### REQUIREMENT
Given the material below, return only the lines starting at the line with "Wallpaper 1366x768 Narcos" and ending at the line with "Publiek bij zandsculptuur", exactly as they appear.
┌──
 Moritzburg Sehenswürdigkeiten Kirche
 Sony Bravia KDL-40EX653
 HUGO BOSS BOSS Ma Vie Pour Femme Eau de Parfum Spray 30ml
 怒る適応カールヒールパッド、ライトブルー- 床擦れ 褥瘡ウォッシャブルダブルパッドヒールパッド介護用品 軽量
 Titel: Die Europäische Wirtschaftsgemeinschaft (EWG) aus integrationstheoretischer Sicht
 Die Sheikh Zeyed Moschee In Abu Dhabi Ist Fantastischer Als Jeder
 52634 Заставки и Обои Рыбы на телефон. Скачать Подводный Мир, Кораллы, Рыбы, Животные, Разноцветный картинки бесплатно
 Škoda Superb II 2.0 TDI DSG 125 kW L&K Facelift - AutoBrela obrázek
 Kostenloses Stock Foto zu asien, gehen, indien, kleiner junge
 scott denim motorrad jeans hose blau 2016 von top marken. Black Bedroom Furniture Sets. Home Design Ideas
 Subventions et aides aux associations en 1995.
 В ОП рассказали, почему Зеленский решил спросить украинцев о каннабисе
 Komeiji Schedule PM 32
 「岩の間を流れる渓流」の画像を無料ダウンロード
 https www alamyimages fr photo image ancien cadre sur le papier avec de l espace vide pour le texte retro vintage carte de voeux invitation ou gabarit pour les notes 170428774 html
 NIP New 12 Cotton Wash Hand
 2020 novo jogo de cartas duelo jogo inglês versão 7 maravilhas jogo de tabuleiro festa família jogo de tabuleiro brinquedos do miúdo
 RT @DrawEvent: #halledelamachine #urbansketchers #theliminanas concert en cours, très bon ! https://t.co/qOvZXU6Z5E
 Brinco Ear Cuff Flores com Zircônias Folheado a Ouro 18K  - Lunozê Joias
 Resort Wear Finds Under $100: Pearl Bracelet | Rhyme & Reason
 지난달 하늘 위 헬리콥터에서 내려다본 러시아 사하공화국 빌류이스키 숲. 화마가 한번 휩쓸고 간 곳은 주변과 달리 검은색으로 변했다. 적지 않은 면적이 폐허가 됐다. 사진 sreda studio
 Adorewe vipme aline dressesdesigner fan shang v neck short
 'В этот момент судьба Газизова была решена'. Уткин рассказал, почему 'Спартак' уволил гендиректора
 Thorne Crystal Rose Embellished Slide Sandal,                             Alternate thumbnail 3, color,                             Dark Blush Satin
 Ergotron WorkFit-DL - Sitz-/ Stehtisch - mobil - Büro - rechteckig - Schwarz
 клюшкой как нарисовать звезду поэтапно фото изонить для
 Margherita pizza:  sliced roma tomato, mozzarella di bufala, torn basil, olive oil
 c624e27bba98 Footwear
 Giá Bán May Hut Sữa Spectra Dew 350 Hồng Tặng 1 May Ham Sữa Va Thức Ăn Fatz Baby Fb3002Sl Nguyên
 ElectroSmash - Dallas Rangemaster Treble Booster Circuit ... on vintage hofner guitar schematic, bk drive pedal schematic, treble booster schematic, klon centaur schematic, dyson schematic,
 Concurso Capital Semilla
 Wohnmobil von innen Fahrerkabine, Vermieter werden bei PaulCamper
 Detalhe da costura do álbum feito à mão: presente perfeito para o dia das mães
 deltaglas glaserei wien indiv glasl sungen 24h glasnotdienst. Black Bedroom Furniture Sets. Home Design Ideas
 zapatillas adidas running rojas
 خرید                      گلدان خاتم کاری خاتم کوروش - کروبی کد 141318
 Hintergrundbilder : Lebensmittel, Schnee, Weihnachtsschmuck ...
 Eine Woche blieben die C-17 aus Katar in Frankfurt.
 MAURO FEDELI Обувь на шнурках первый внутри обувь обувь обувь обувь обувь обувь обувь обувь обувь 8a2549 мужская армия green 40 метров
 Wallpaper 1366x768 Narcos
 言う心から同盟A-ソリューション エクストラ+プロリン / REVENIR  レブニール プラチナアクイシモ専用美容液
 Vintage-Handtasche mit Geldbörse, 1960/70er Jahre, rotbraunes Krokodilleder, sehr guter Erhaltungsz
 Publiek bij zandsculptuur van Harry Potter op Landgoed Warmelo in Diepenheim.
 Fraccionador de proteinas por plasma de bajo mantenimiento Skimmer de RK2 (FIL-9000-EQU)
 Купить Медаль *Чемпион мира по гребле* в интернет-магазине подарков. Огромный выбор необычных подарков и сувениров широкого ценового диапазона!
└──
### EXPECTED OUTPUT
 Wallpaper 1366x768 Narcos
 言う心から同盟A-ソリューション エクストラ+プロリン / REVENIR  レブニール プラチナアクイシモ専用美容液
 Vintage-Handtasche mit Geldbörse, 1960/70er Jahre, rotbraunes Krokodilleder, sehr guter Erhaltungsz
 Publiek bij zandsculptuur van Harry Potter op Landgoed Warmelo in Diepenheim.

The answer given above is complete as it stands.